With your dog on the lead, request a sit.

Reach down and pretend you are removing the lead from his collar. Don’t remove the lead but with the lead clasp make an audible click as loud as possible. Within five seconds, grab a treat from your pocket or treat bag. Pop the treat into your dog’s mouth. Repeat this exercise five times.

Now with the dog still in a sit, slowly remove the lead, stand up straight and click the clasp. Treat your dog. If you think your dog may bolt, gently keep hold of his collar while removing the lead. Try to keep calm and avoid jerky movements.

Give the treat within three seconds of clicking the clasp. If your dog is still likely to bolt, toss the treat into the grass by your feet. This buys you time.

When he has swallowed the treat send him out with a straight arm and the words ‘Off you go’. This is his release cue. He can now go off and do doggy stuff.

Practice in various locations such as in the garden and park. In the early stages, always unclip and treat.

Once he starts looking up every time the lead is off, you do not need to treat every time.
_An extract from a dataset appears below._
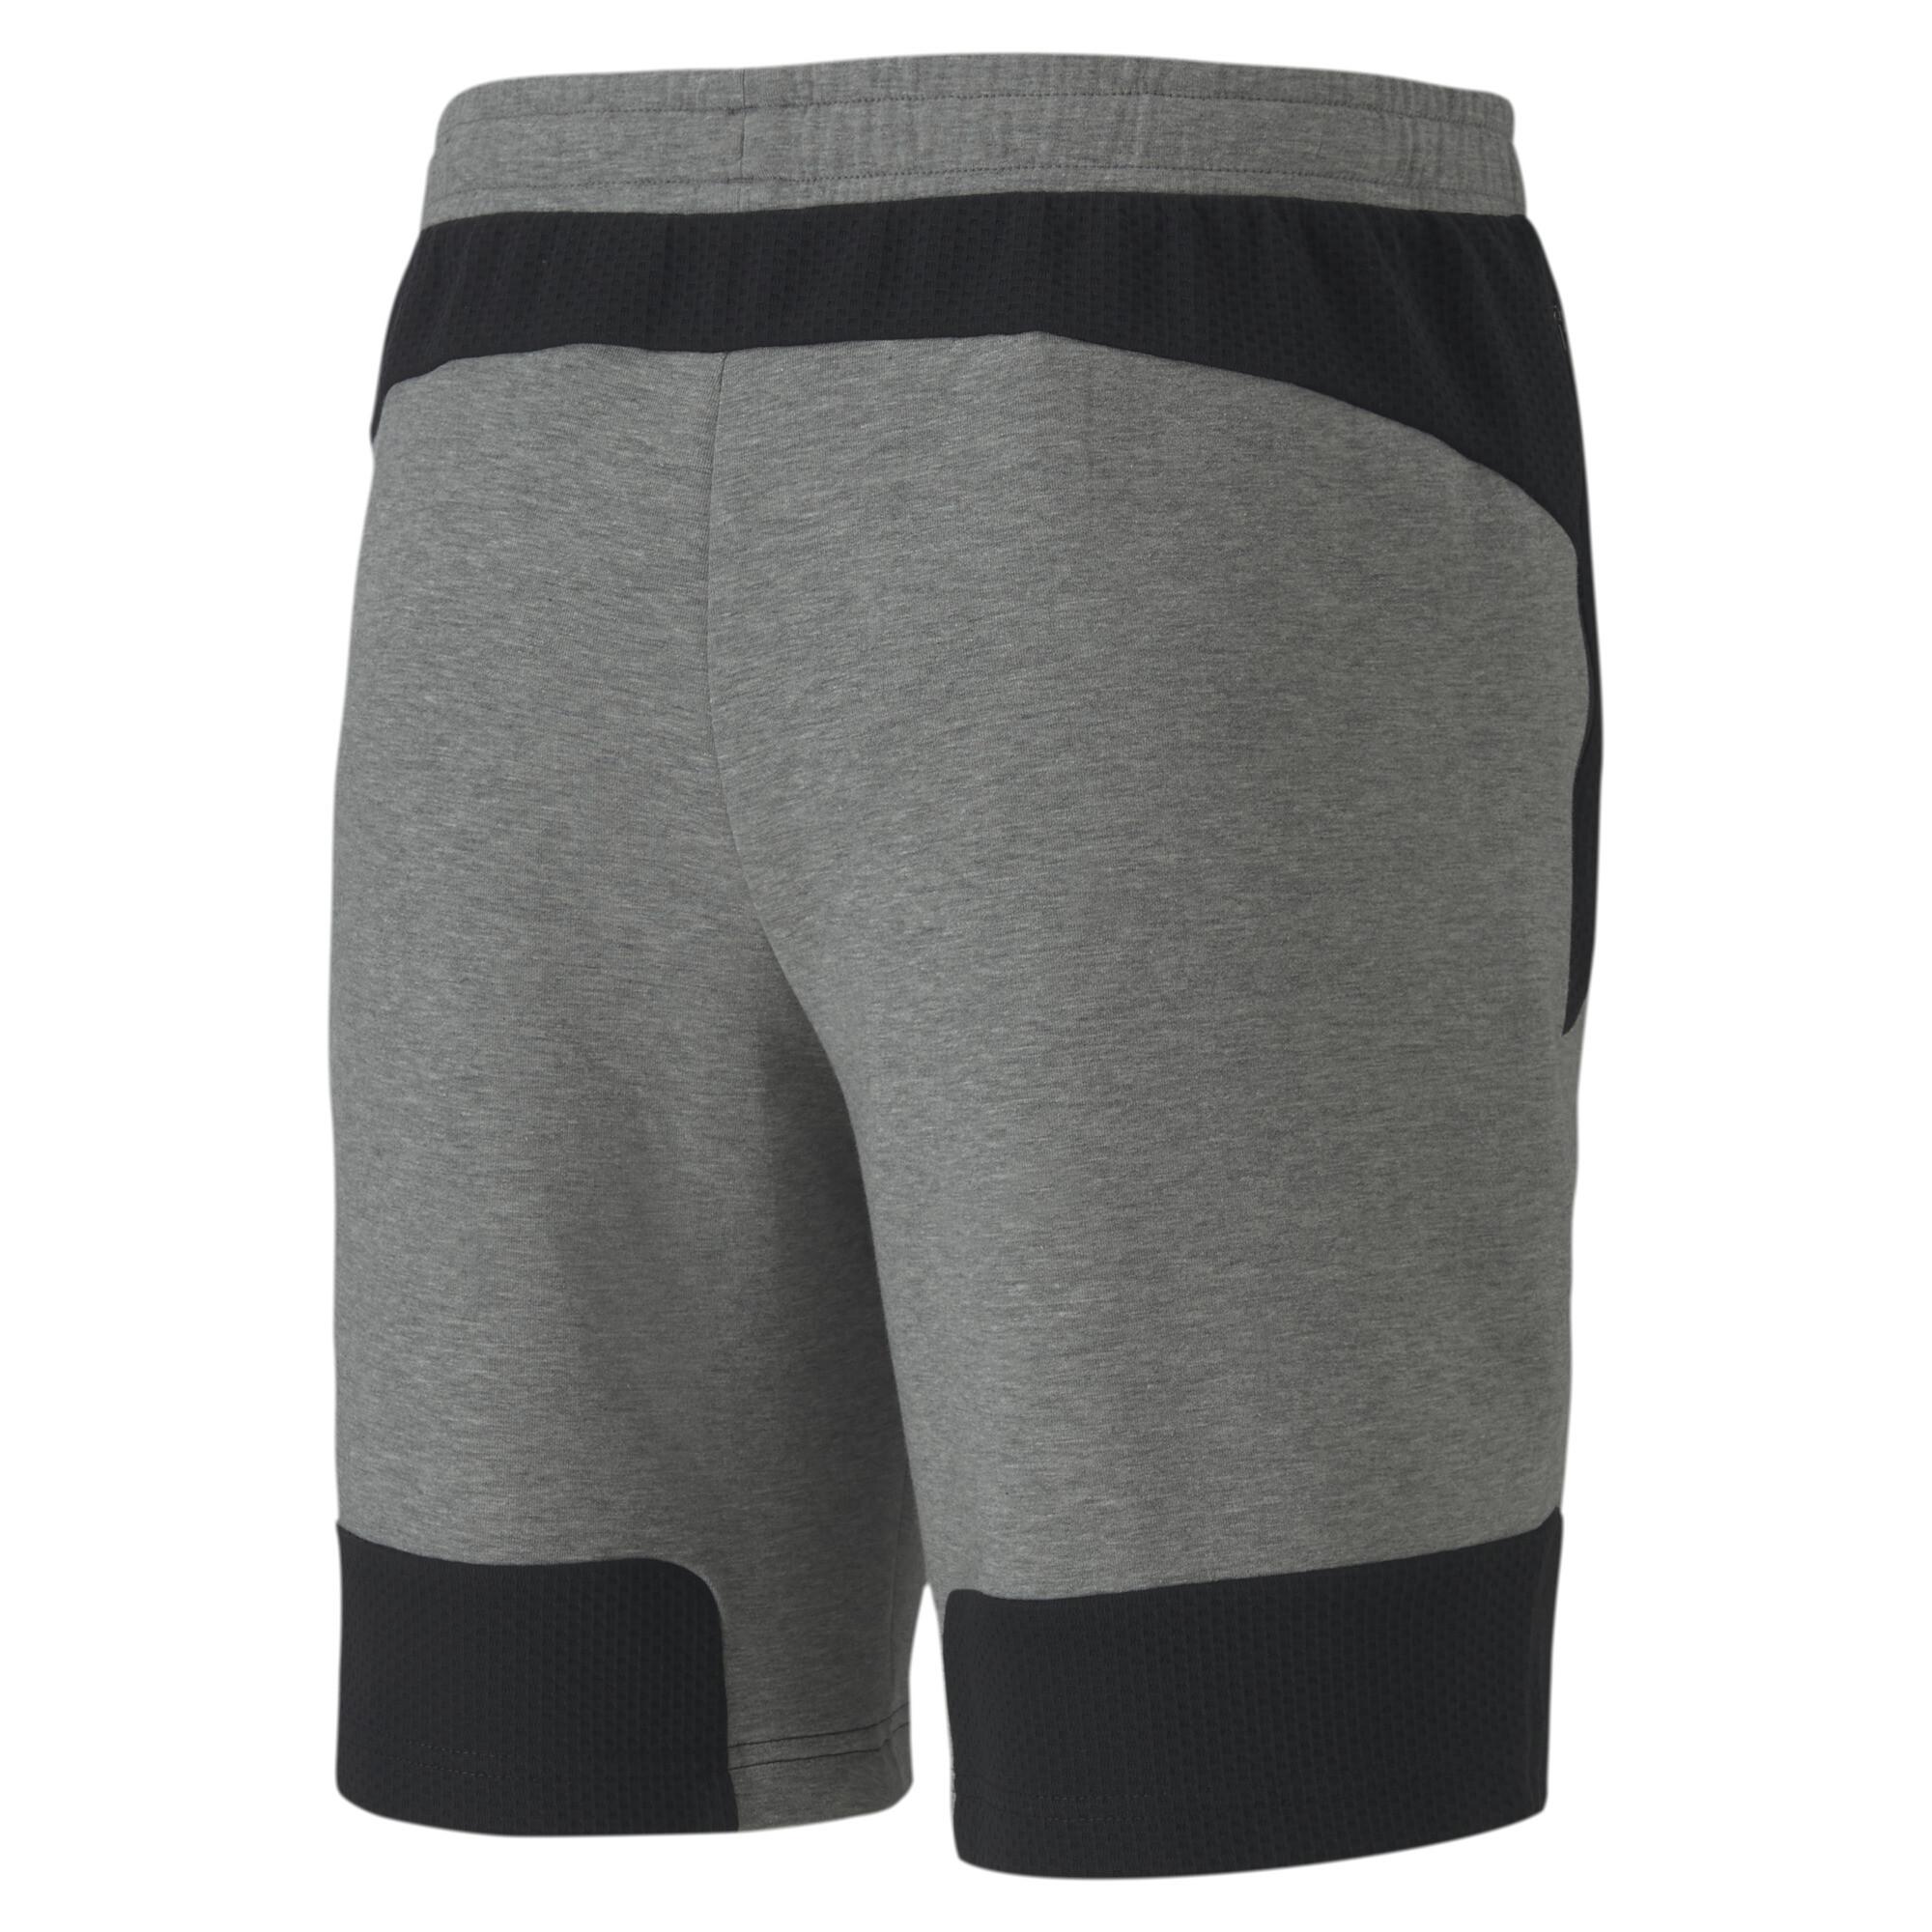 PUMA-Evostripe-Men-039-s-Shorts-Men-Knitted-Shorts-Basics thumbnail 14

The chance to go off and sniff becomes the reward.

If your dog is particularly toy driven you can use the same method but produce his toy rather than the treat.


Once you have released your dog, start to walk with a purpose. If your dog is hanging around you, waiting for a treat, just keep walking.

Have an initial destination, even if it is the corner of the field. If you walk aimlessly around you may end up following your dog. Who’s walking who? Allow your dog to check in with you and occasionally call him back and treat.